Once the CNN is trained, which only needs to be performed once using the first FPM frame taken at 0 min, the CNN is then applied to reconstruct high-SBP phase video frames (i.e. the testing step). To perform the reconstruction, similar data preprocessing steps are followed as the training phase. The raw intensity images were first divided into 4 × 4 sub-regions. Within each region, image patches having the same sizes as training batches (64×64×α) are used for reconstruction. Neighboring image patches contain 15-pixel and 19-pixel overlap in the horizontal and vertical directions, respectively.

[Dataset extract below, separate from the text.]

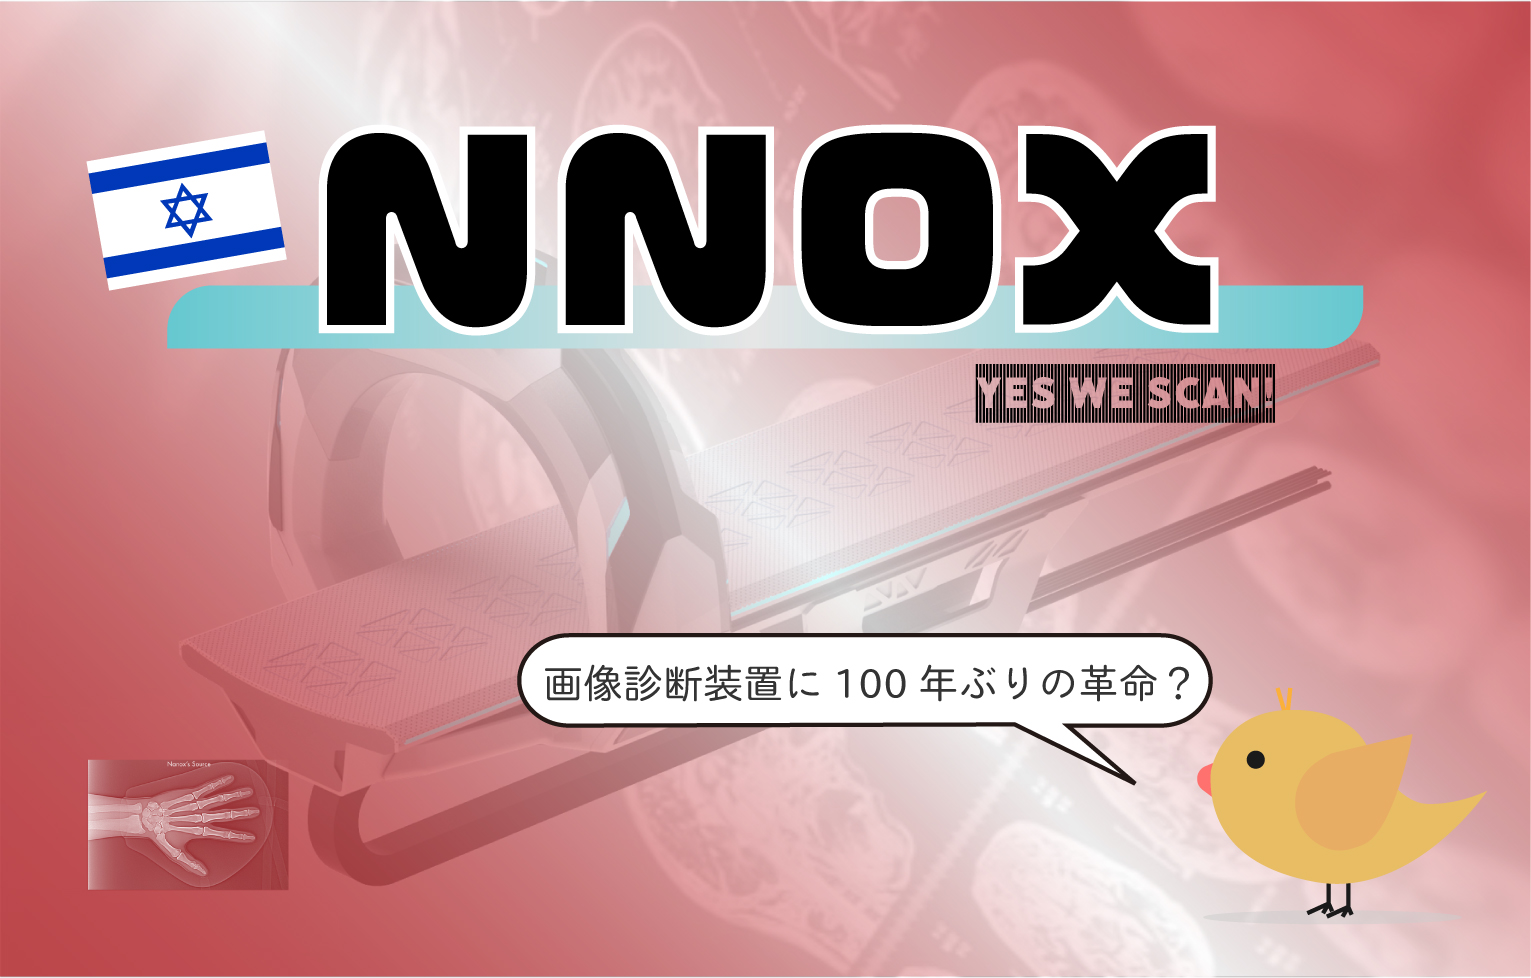 革命的な医療用画像診断装置を開発するナノックス・イメージングの投資情報【NNOX】
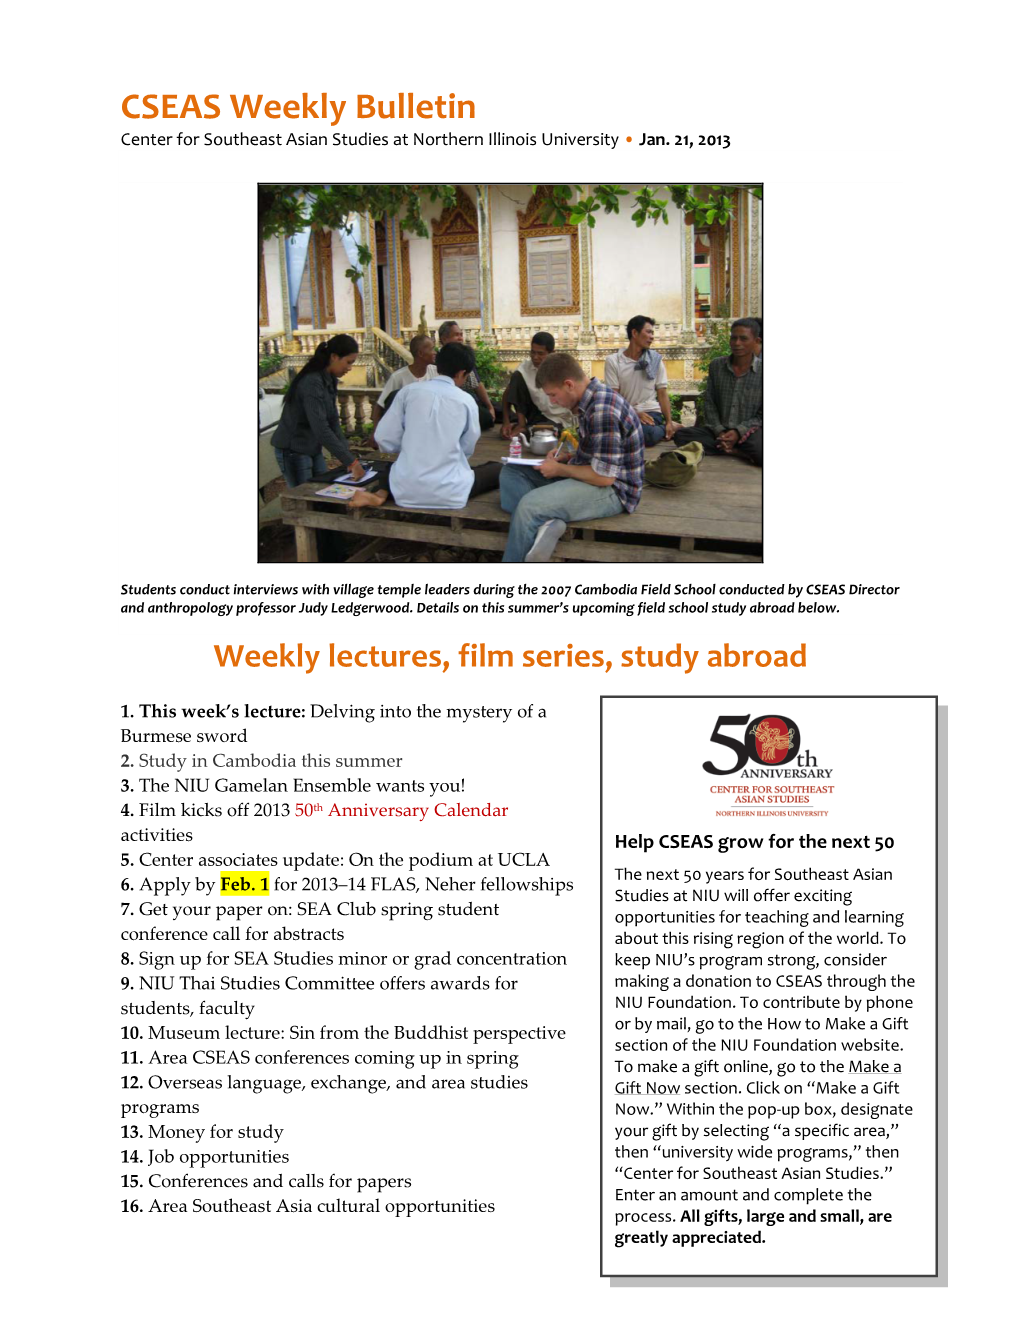 CSEAS Weekly Bulletin Center for Southeast Asian Studies at Northern Illinois University • Jan

Each image patch was first up-sampled to 80×80 pixels with bilinear interpolation. The predicted phase image contains 320× 320 pixels. Once reconstructions are performed on all 2288 patches, the alpha blending algorithm was used to form the full FOV phase image containing 12800 × 10800 pixels. To reconstruct the video, we simply fed each FPM frame to the trained CNN to reconstruct the high-SBP dynamic information from the times-series data. The time for reconstructing each full-FOV, high-SBP image is ∼25±2 seconds using our cGAN network with the added Fourier loss, D-B9D20-F-cGAN, which is ∼50× faster than the standard FPM algorithm (which took ∼20 min for each frame [29]). A detailed comparison of all networks is detailed in Section 3 and Table 1.

Tables Icon

Table 1. Performance metrics evaluated on the full-FOV testing data [Legend: * stands for -cGAN, • based on the region inFig. 3(c), GT: ground truth]

3. Results and discussion

We discuss our results by presenting results in real space (Fig. 3), Fourier space (Fig. 4), and over different time points (Fig. 5).

 figure: Fig. 4

Fig. 4 Fourier analysis of the CNN reconstructed phase images. We directly take the Fourier transform of the reconstructions in Fig. 3(c). They are compared with the raw intensity image from on-axis illumination and the ground truth from FPM. To illustrate the Fourier coverage in each model, we mark three circles in each image, in which the yellow circle corresponds to the support of the pupil function with a radius of 1×NA, the green circle corresponds to the support of the optical transfer function with a radius of 2×NA, and the orange circle is the support from the ground truth with a radius of 4×NA.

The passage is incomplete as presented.